Time Limit: 2000/1000 MS (Java/Others)    Memory Limit: 32768/32768 K (Java/Others)
Total Submission(s): 1852    Accepted Submission(s): 763

Problem Description

Give you n ( n < 10000) necklaces ,the length of necklace will not large than 100,tell me
How many kinds of necklaces total have.(if two necklaces can equal by rotating ,we say the two necklaces are some).
For example 0110 express a necklace, you can rotate it. 0110 -> 1100 -> 1001 -> 0011->0110.

 

Input

The input contains multiple test cases.
Each test case include: first one integers n. (2<=n<=10000)
Next n lines follow.
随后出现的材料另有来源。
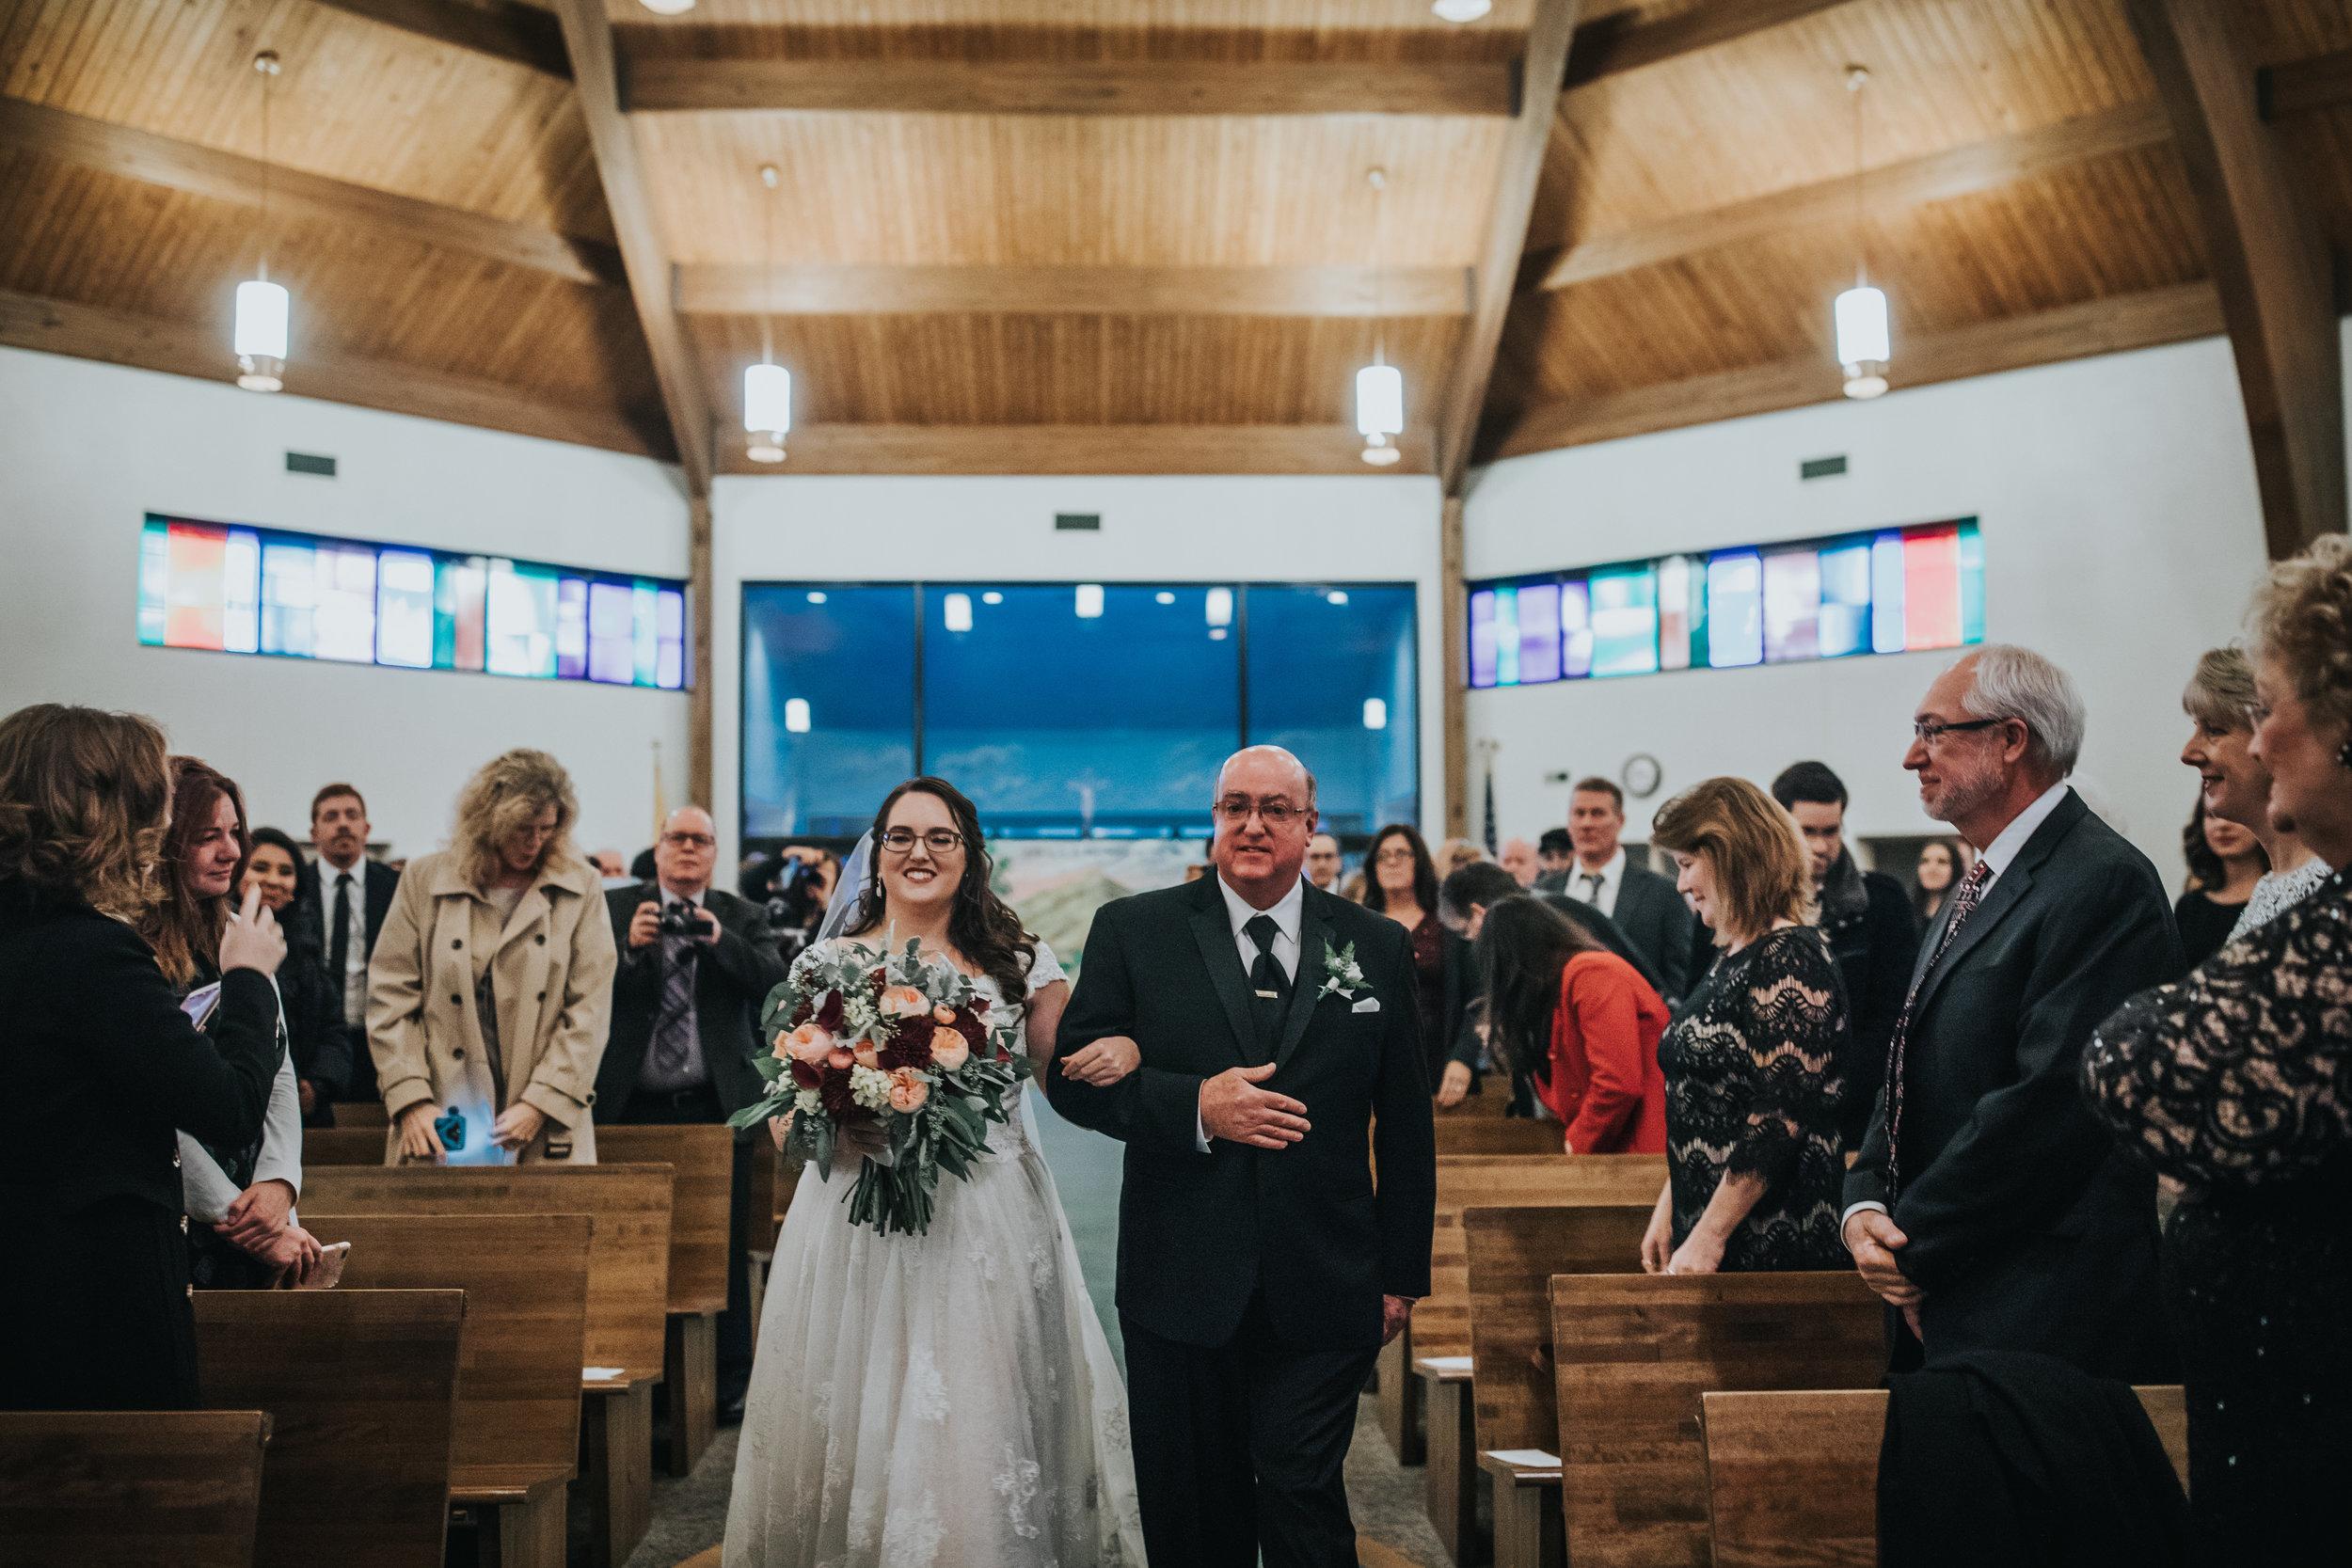 New-Jersey-Wedding-Photography-Fishers-Tudor-House-JennaLynnPhotography-Ceremony-Kathleen&Eddie-17.jpg
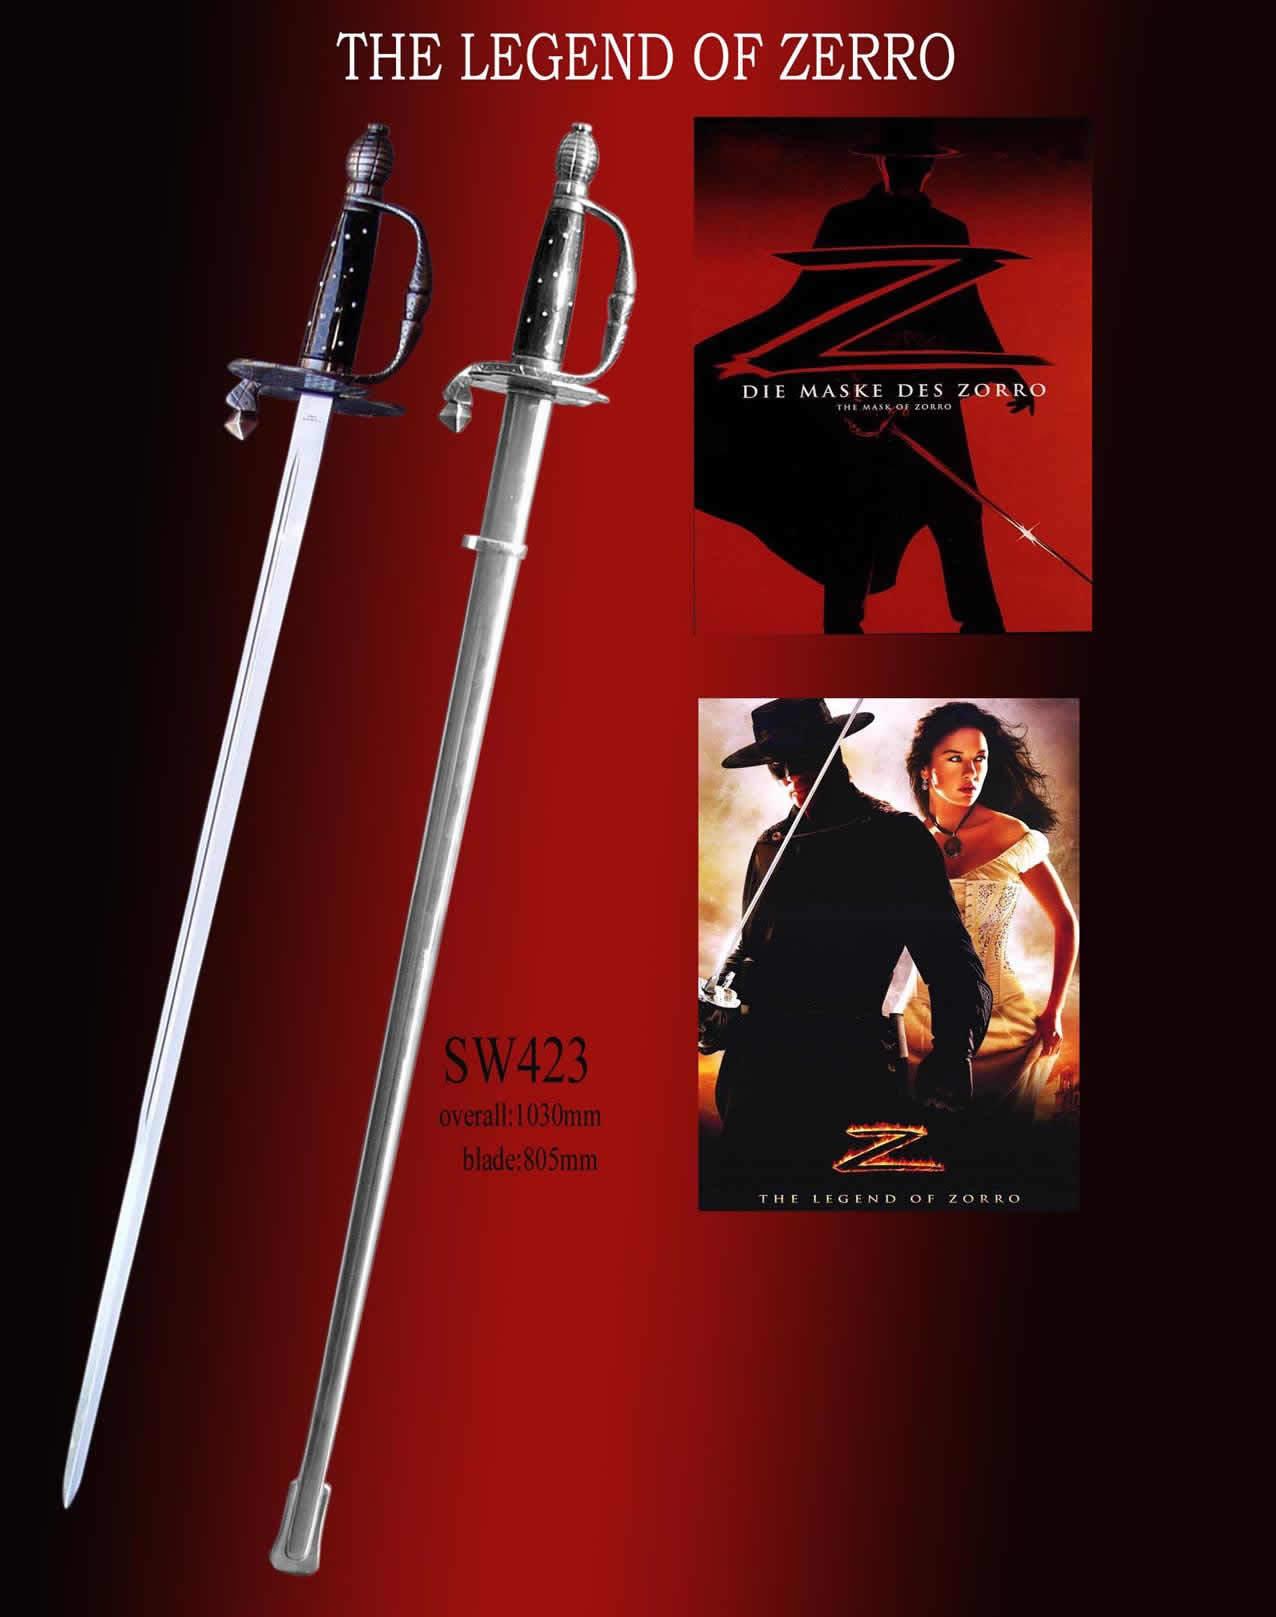 Sword of Zorro movie

Each line has a equal length character string. (string only include '0','1').

 

Output

For each test case output a integer , how many different necklaces.

 

Sample Input

4 0110 1100 1001 0011 4 1010 0101 1000 0001

 

Sample Output

1 2

 

题意：输入n串二进制的字符串，将其看成项链，问有多少种项链，第一次WA了发现并不是直接map就可以做的，还要将字符串先转换成一种统一的，比如abcde（为了方便表示就用字母了）与cdeab是一样的，相当于把这串字符串头尾连起来，从不同的视角看过去就显示不一样了，那重点就是把这些不同角度的项链统一成一个角度的。按照最小字典序进行统一。最小表示法的模版是网上找的，但是这个模版只能返回一个开始位置整数，拿来修改了一下就可以了。

代码：

#include<iostream>
#include<cstdio>
#include<cstring>
#include<string>
#include<queue>
#include<set>
#include<map>
#include<sstream>
#include<algorithm>
#include<cmath>
#include<cstdlib>
using namespace std;
string zxc(string s,const int &l)
{
    int i = 0, j = 1, k = 0, t;
    while(i < l && j < l && k < l) 
    {
        t = s[(i + k) >= l ? i + k - l : i + k] - s[(j + k) >= l ? j + k - l : j + k];
        if(!t) k++;
        else
        {
            if(t > 0) i = i + k + 1;
            else j = j + k + 1;
            if(i == j) ++ j;
            k = 0;
        }
    }
    int q=min(i,j);//这里本要返回q（最小表示的起始位置），这里先利用一下
    s+=s;//首先要把字符串自增一下
    s=s.substr(q,l);//（起始位置,原来长度）
    return s;//返回最小表示的字符串
}
int main (void)
{
    string s;
    int t,n;
    while (cin>>n)
    {
        map<string,int>list;//无脑map开始了......
        for (int i=0; i<n; i++)
        {
            cin>>s;
            list[zxc(s,s.size())]=0;
        }
        cout<<list.size()<<endl;
    }
    return 0;
}